MIG profiles show up as distinct resource types in kubectl describe node — you will see nvidia.com/mig-1g.10gb, nvidia.com/mig-2g.20gb, and so on, depending on the active profile. If a node has seven 1g.10gb instances configured, it can run seven fully isolated CUDA workloads simultaneously. The DCGM Exporter reports per-instance metrics for each MIG slice, so observability is maintained.

For teams running the kubernetes GPU time-slicing MIG setup transition, the decision rule is straightforward: time-slicing for inference, MIG for training or multi-tenancy.


Layer 4: DCGM Exporter — GPU Metrics to Prometheus

The Data Center GPU Manager (DCGM) Exporter is the standard mechanism for GPU metrics in Kubernetes. It ships as a DaemonSet, queries the NVIDIA management library on each node, and exposes metrics on port 9400 in Prometheus format. When you install the GPU Operator with dcgmExporter.enabled=true, the exporter is already running.

The DCGM exporter prometheus kubernetes GPU monitoring pipeline requires no additional instrumentation in your workloads. The metrics are hardware-level: utilization, memory, power draw, temperature, and error counters. Grafana dashboards for DCGM are available in the NVIDIA GPU Grafana dashboard catalog and integrate directly with these metrics.

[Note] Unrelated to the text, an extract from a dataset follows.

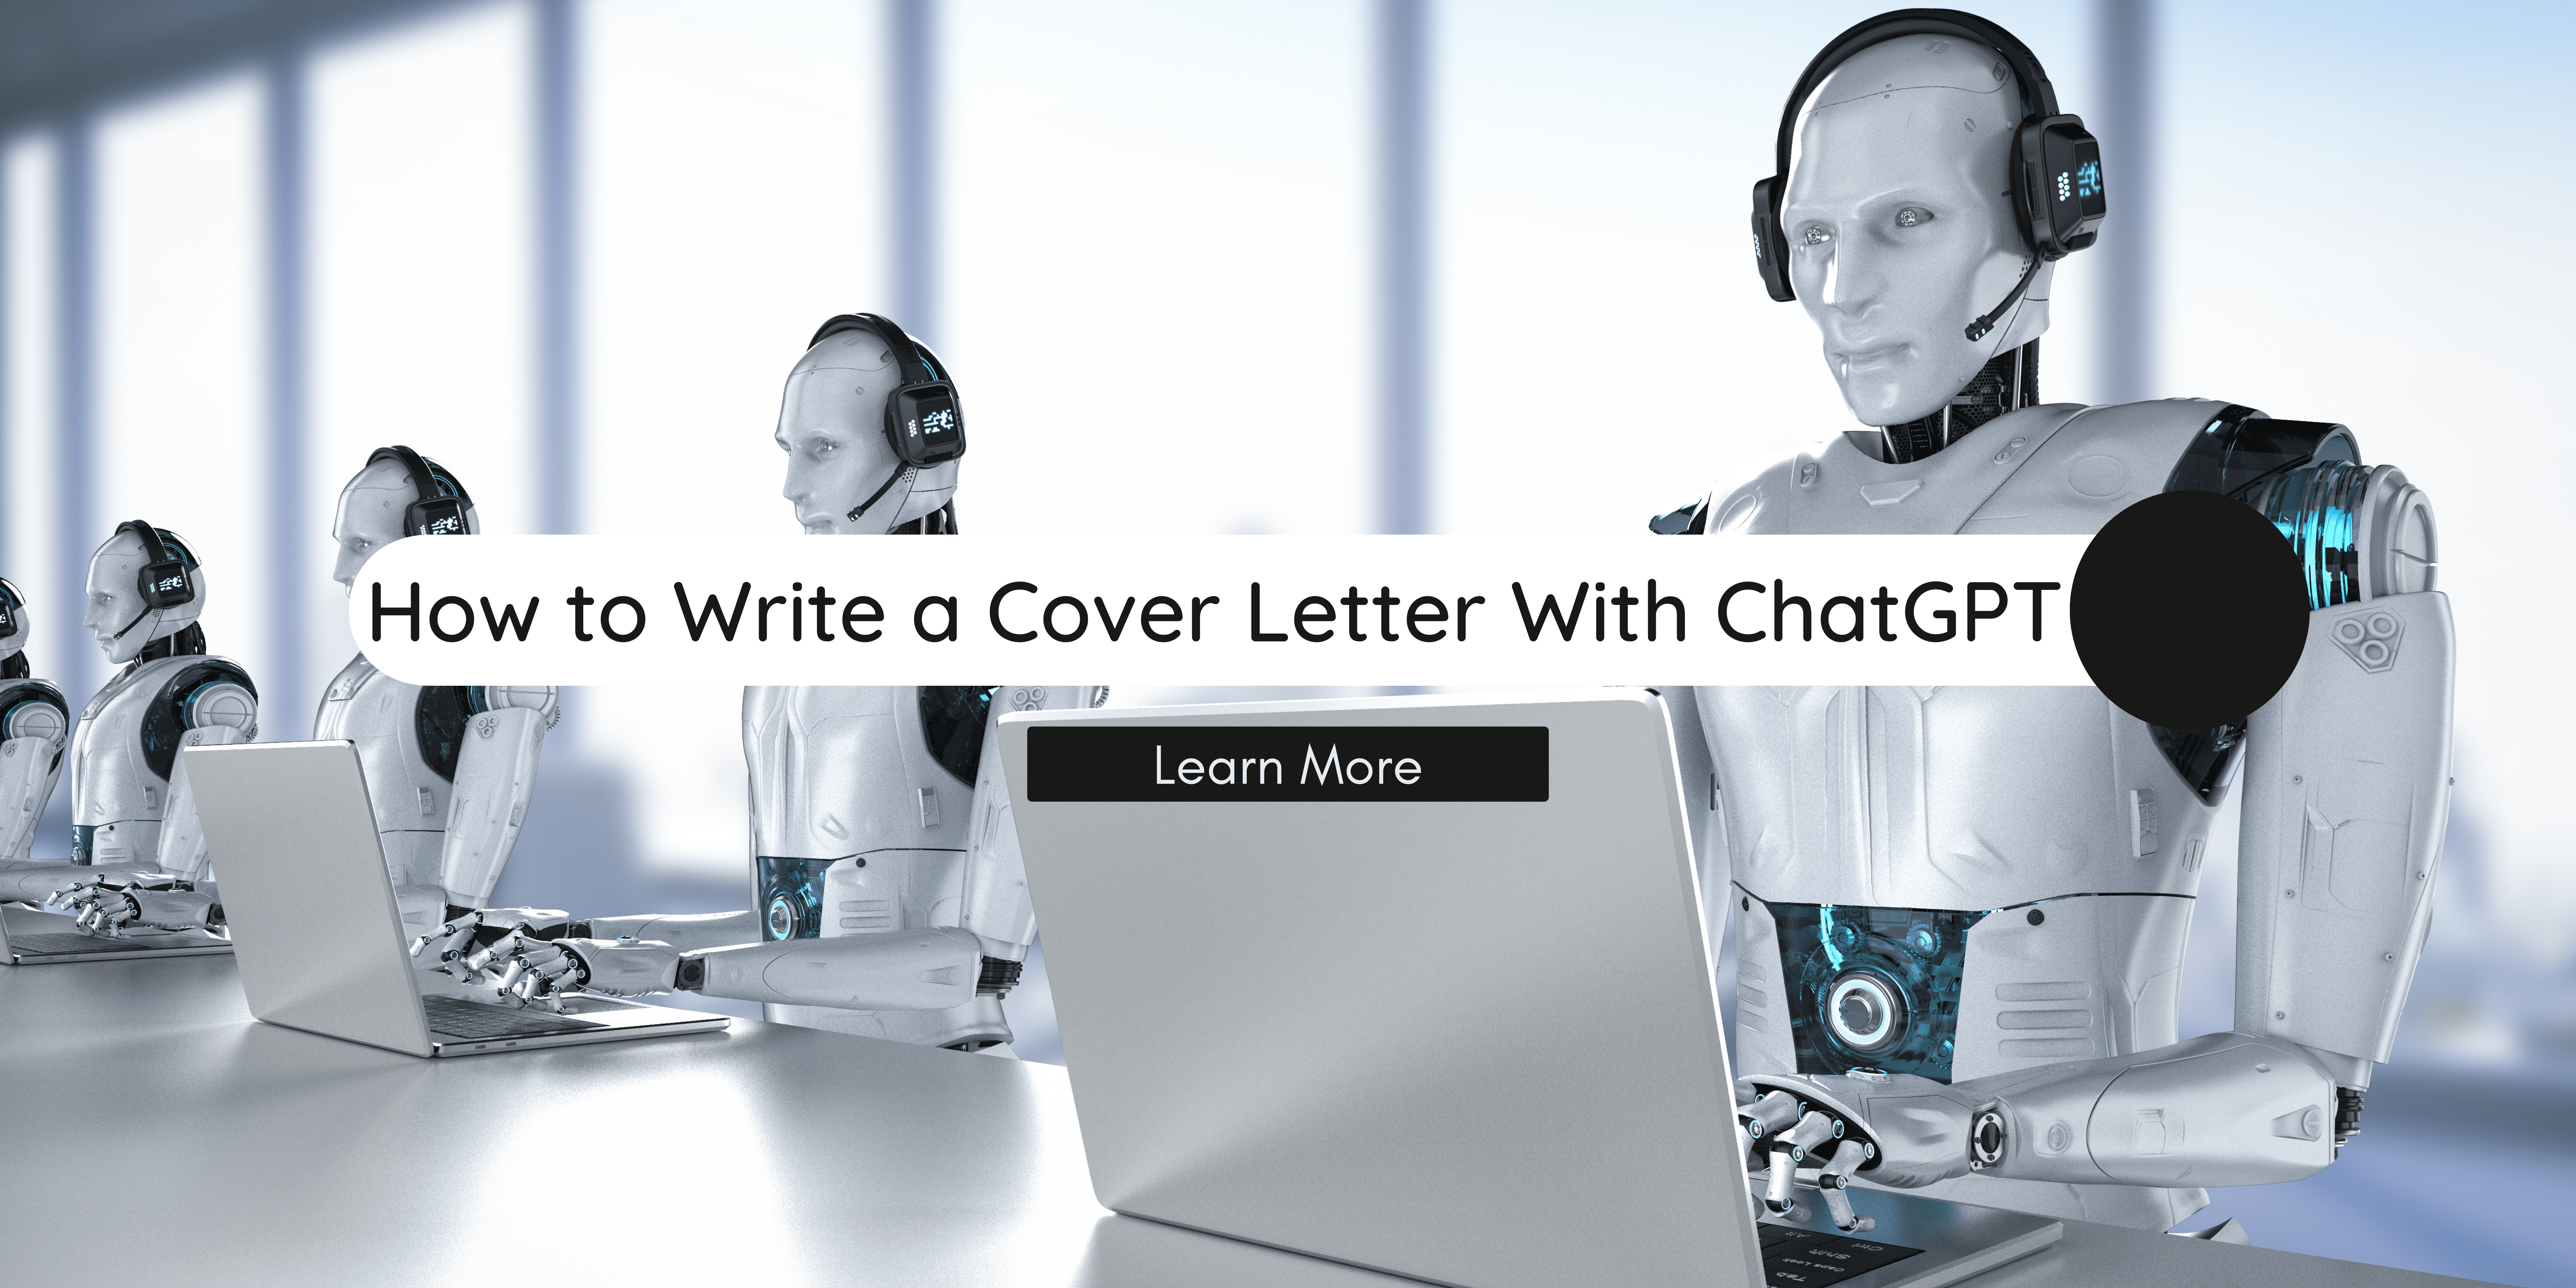 Як написати супровідний лист за допомогою ChatGPT

Verify and query DCGM metrics:

# Confirm the DCGM exporter DaemonSet is healthy
kubectl get pods -n gpu-operator -l app=nvidia-dcgm-exporter

# Check GPU utilization directly via dcgmi inside the pod
kubectl exec -n gpu-operator <dcgm-pod> -- dcgmi dmon -e 203,204

# Port-forward the metrics endpoint locally and query it
kubectl port-forward -n gpu-operator svc/nvidia-dcgm-exporter 9400:9400 &
curl http://localhost:9400/metrics | grep DCGM_FI_DEV_GPU_UTIL

Key metrics for GPU monitoring in Kubernetes:

Metric Description
DCGM_FI_DEV_GPU_UTIL GPU compute utilization (0–100%)
DCGM_FI_DEV_MEM_COPY_UTIL Memory bandwidth utilization
DCGM_FI_DEV_FB_USED Framebuffer (GPU memory) used in MB
DCGM_FI_DEV_FB_FREE Framebuffer free in MB
DCGM_FI_DEV_POWER_USAGE Power draw in watts
DCGM_FI_DEV_XID_ERRORS XID error counter — driver/hardware faults

A practical Prometheus alert for GPU idle detection: fire when DCGM_FI_DEV_GPU_UTIL < 5 persists for 30 minutes. That threshold identifies nodes where a workload has crashed or stalled but the pod remains running and holding the GPU resource. Combined with a DeploymentAvailable alert, this catches the common failure mode of a model server that started but never received traffic.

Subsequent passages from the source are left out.